◆ RECORDS SUPPLIED
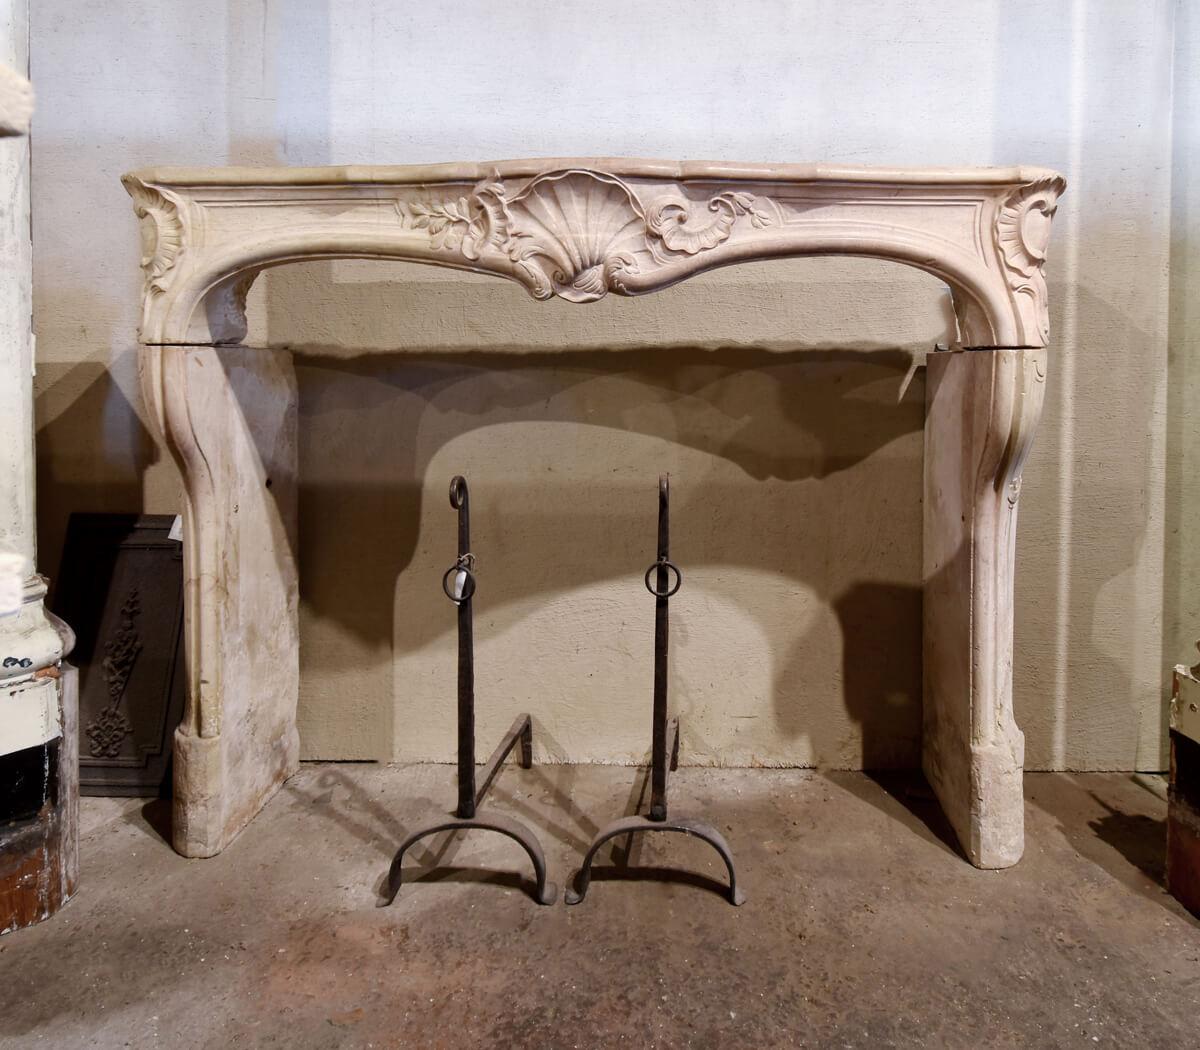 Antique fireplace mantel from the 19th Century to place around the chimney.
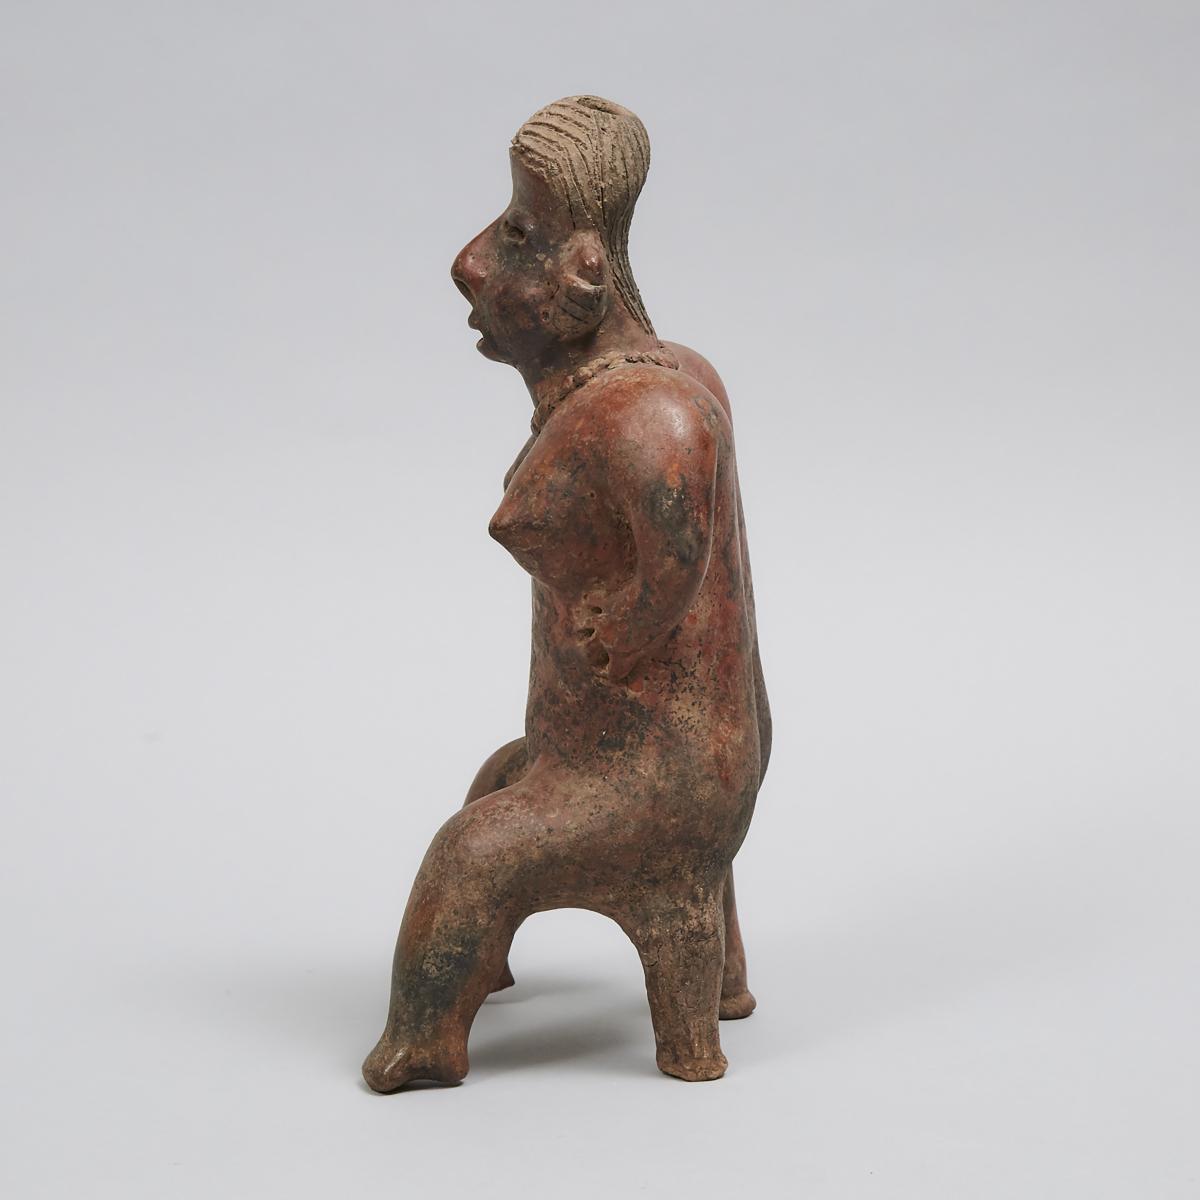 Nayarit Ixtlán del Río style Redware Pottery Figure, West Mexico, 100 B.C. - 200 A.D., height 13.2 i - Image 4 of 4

* * *

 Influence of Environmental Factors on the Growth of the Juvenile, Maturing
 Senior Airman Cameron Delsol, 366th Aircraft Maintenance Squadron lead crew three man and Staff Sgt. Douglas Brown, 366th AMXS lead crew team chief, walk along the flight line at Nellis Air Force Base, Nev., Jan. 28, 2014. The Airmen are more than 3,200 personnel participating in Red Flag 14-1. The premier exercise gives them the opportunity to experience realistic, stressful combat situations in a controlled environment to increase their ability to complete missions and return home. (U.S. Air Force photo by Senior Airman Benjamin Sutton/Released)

◆ INSTRUCTIONS FOR THE TASK
Beginning at the line above that contains "Antique fireplace mantel" and going on through the line that contains "Nayarit Ixtlán del", please copy every line exactly, leaving the pictures out and adding nothing.

◆ OUTPUT OF THE EXERCISE
 Antique fireplace mantel from the 19th Century to place around the chimney.
 Nayarit Ixtlán del Río style Redware Pottery Figure, West Mexico, 100 B.C. - 200 A.D., height 13.2 i - Image 4 of 4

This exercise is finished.